Just give me five minutes on my backhand
then we'll see if there's a...

- Is that a dog? Is it a dog?
- Oui, that is Abelard.

Oh, adorable.
Now get the hell out of here.

But you promised me breakfast.

You want breakfast?
Try the diner. You're obviously into Greek.


Get it?


Thank you, Abelard.

- It's a short list, Woodhouse.
WOODHOUSE: Yes, sir.

- Things we don't allow in. What are they?
- Dogs and your mother.

- That's a very short list, isn't it?
- Yes...

- but you were quite insistent...
- What was I?

That an exception be made.

No, no, no, because forget the dog rule,
because this pug is amazing.

Watch this. Abergard, go.


Do you not hear that?

That's "Puttin' on the Ritz," man.

- I'm always insistent, Woodhouse.
- Yes, sir.

- But I'm not to be trusted, am I?
- No, sir.

Stop. Shut up. I have to go.

But if I find one single dog hair
when I get back...

I'll rub sand in your dead little eyes.

Very good, sir.

- I also need you to go buy sand.
- Yes, sir.

I don't know if they grade it but...


One entire whole week
we've been calling you.

Highly unprofessional.

Really? Because I find
your sweatiness unprofessional.

So we have something in common.

Besides the fact
that now both of our shirts reek of curry.

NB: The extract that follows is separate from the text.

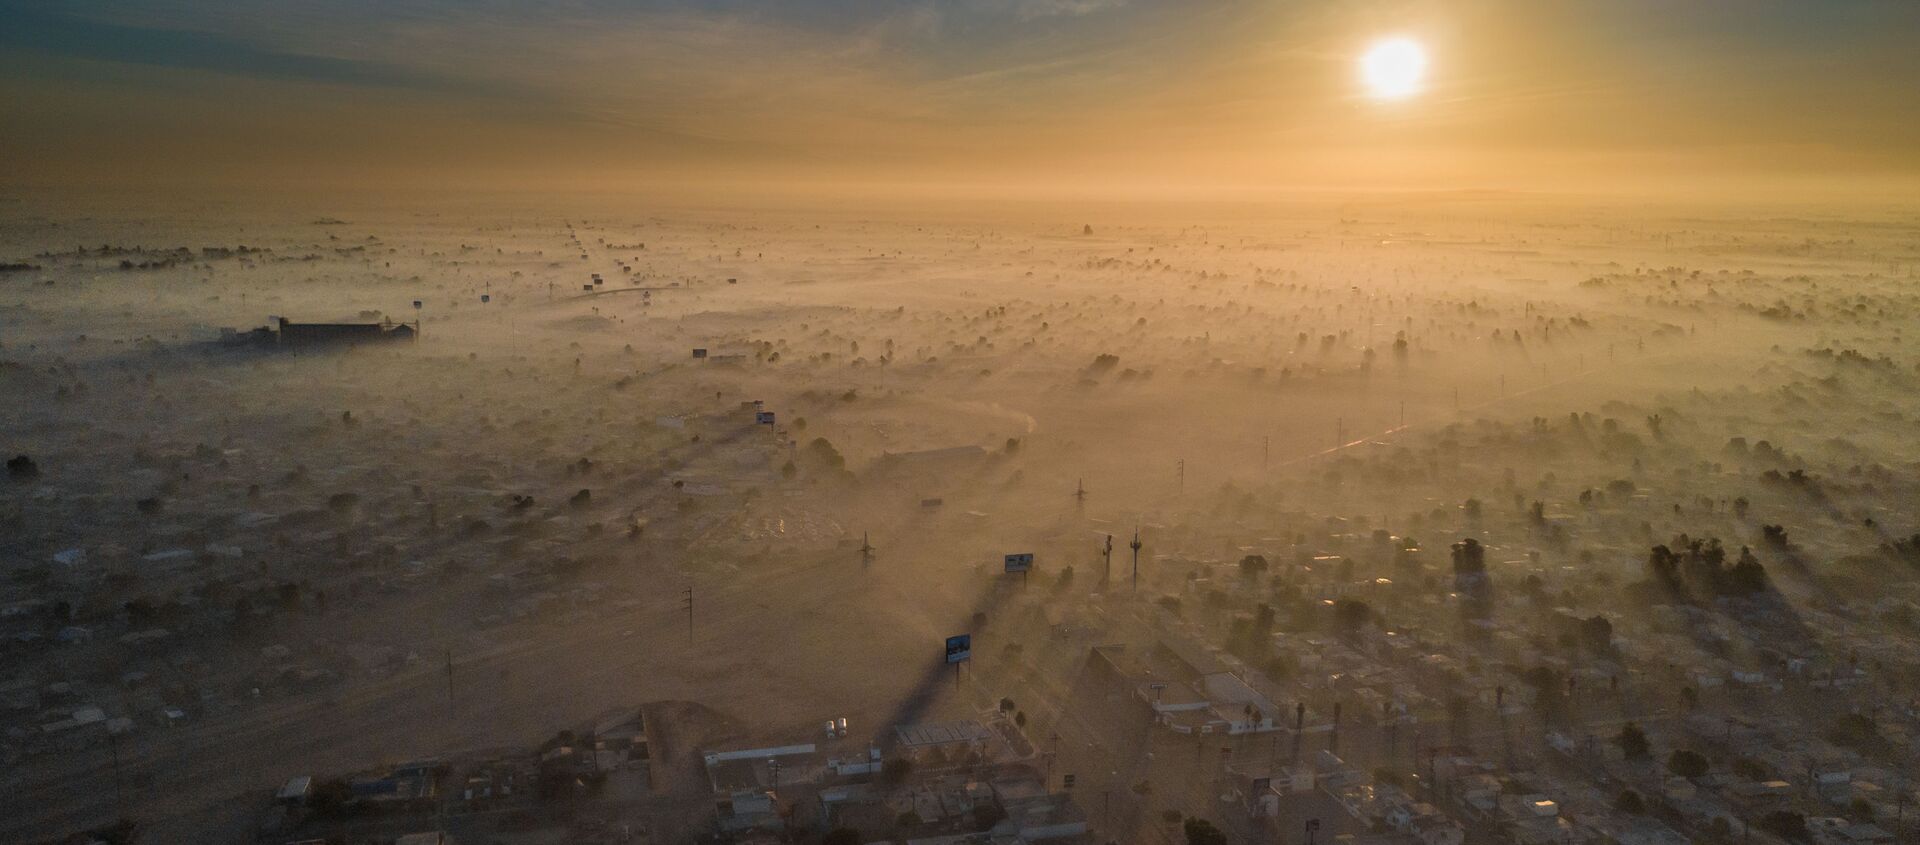 صورة بعنوان السنة الجديدة الملوثة، للمصور إليود جيل سامانيغو، الذي فاز في فئة جائزة المدن المستدامة لعام 2019، في مسابقة المصور البيئي لعام 2019 - سبوتنيك عربي, 1920, 26.02.2021
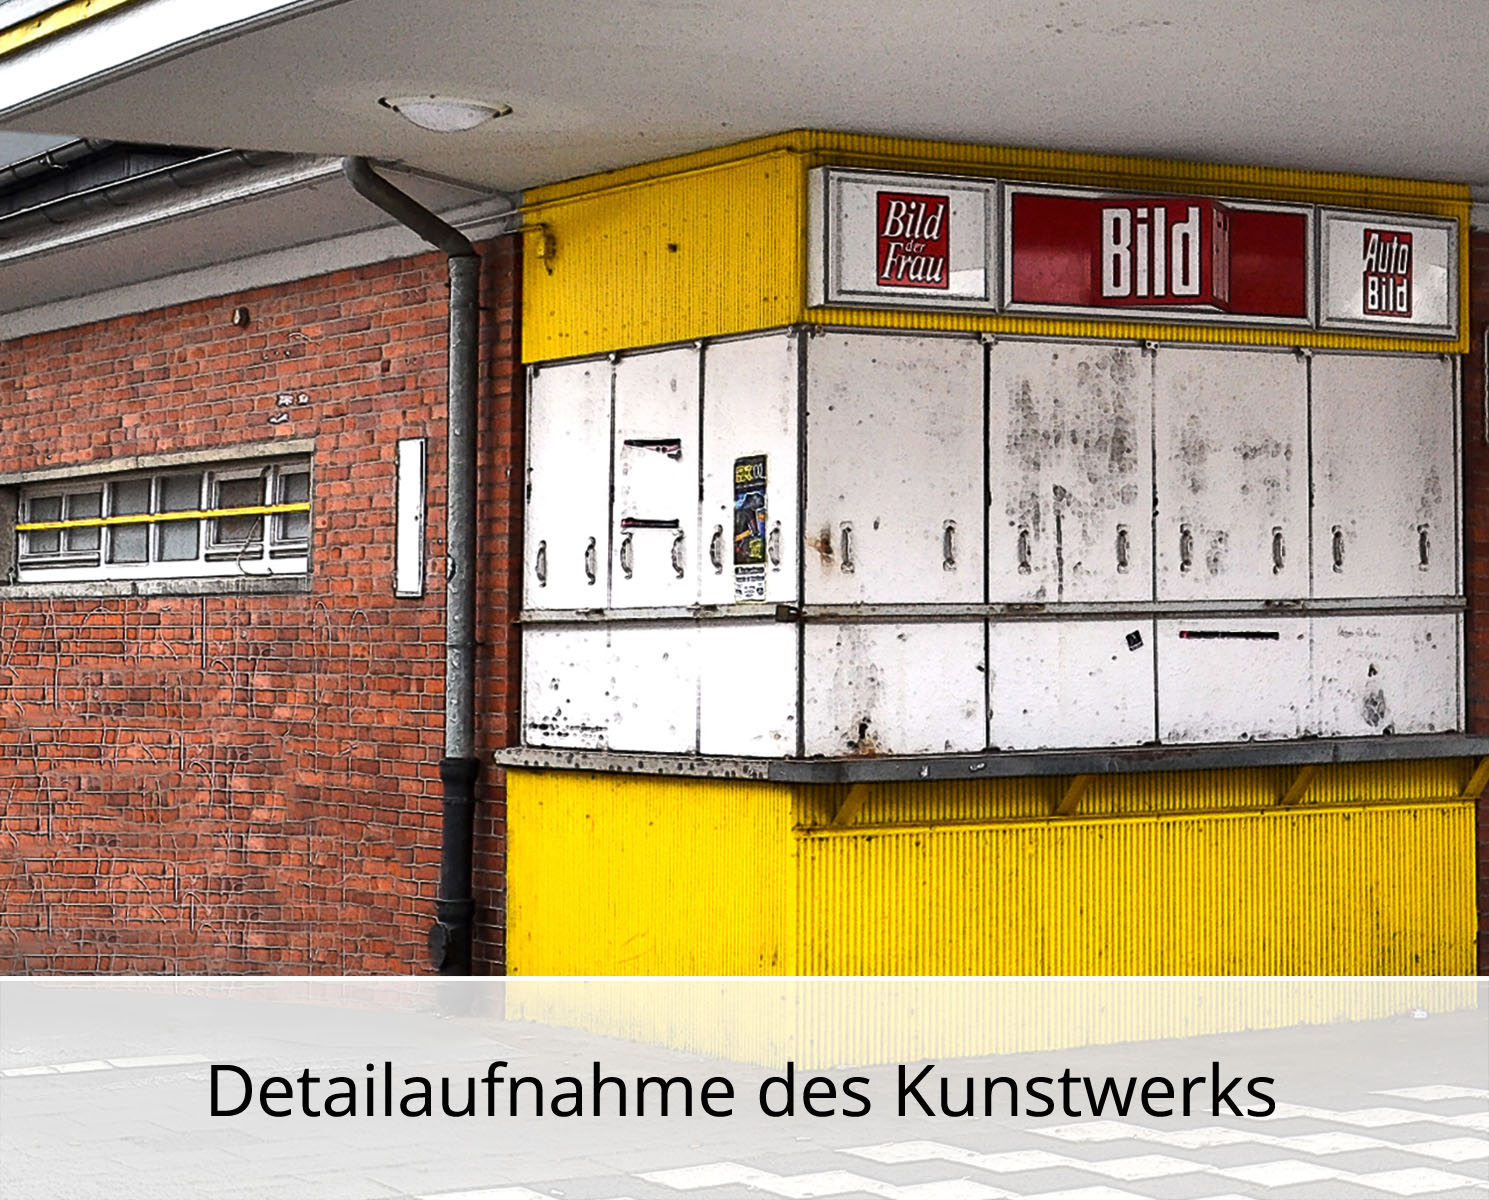 H. Mühlbauer-Gardemin: "Der letzte Kiosk", Zeitgenössische Digitalkunst, Edition

- And when will you settle your account?
- When will you buy some dress shields?

- This is not a dress.
- Are you serious? That's not a dress?

Oh, God, with the curry again.

This shirt smells
like Indira Gandhi's thong.



- Hey, you wanna smell something?
- Swear to God, Mr. Archer...

- I have H.R. On speed dial.
- Shut up.

Hey, Krieger, you gotta smell this.

Krieger? Huh.

You geeks wanna smell something?

- Archer, get the hell out.
- What is it with you people?

Try to include people in your life
and then you... Lana.

Hey. Hey, what does this smell like?

Like the dysfunctional asshole
I broke up with six months ago.

Oh, my God. You're amazing.

You are amazing, sweet stuff.

Wanna do it again
and put on some interracial porn?

God, it's like my brain's that tree,
and you're those little cookie elves.


Just a second.

- No, baby, don't answer that.
- I have to. Sorry, it's Mother.

- Mother, hey. Just a second.
- I cannot believe you.

No, turn it on. I can do both.

- What?
- So don't speak to me, ever.

And while you're not ever speaking to me,
jump up your own ass and die.

Oh, rea... After all that H.R. Mediation.

- Yup.
- After all the hard work Pam did.

- Is that Archer?
- Goddamn it.

- Archer, hey.
- Go away.

- About your operations account...
- Not...

- Cyril, not now.
- Yes, now.

- Not a good time.
- You've got serious discrepancies...

- in your account.
- No, Cyril.

I'm sure you wouldn't use operational funds
for personal expenses.

Come on, 22 black.

Twenty-two black. Twenty-two.

Black. Ass. Son of a bitch. Heh.

Not you, giant African man.
I'm sorry. Can I offer you a drink?

How about this expensive prostitute?

That is a very serious implication, Cyril.

Well, so is embezzlement.

Yeah? Well, so is the fact that you,
some crazy-how, are screwing my ex.

- Archer, please. That's private.
- Not calm enough?

You all know about Cyril and Lana, right?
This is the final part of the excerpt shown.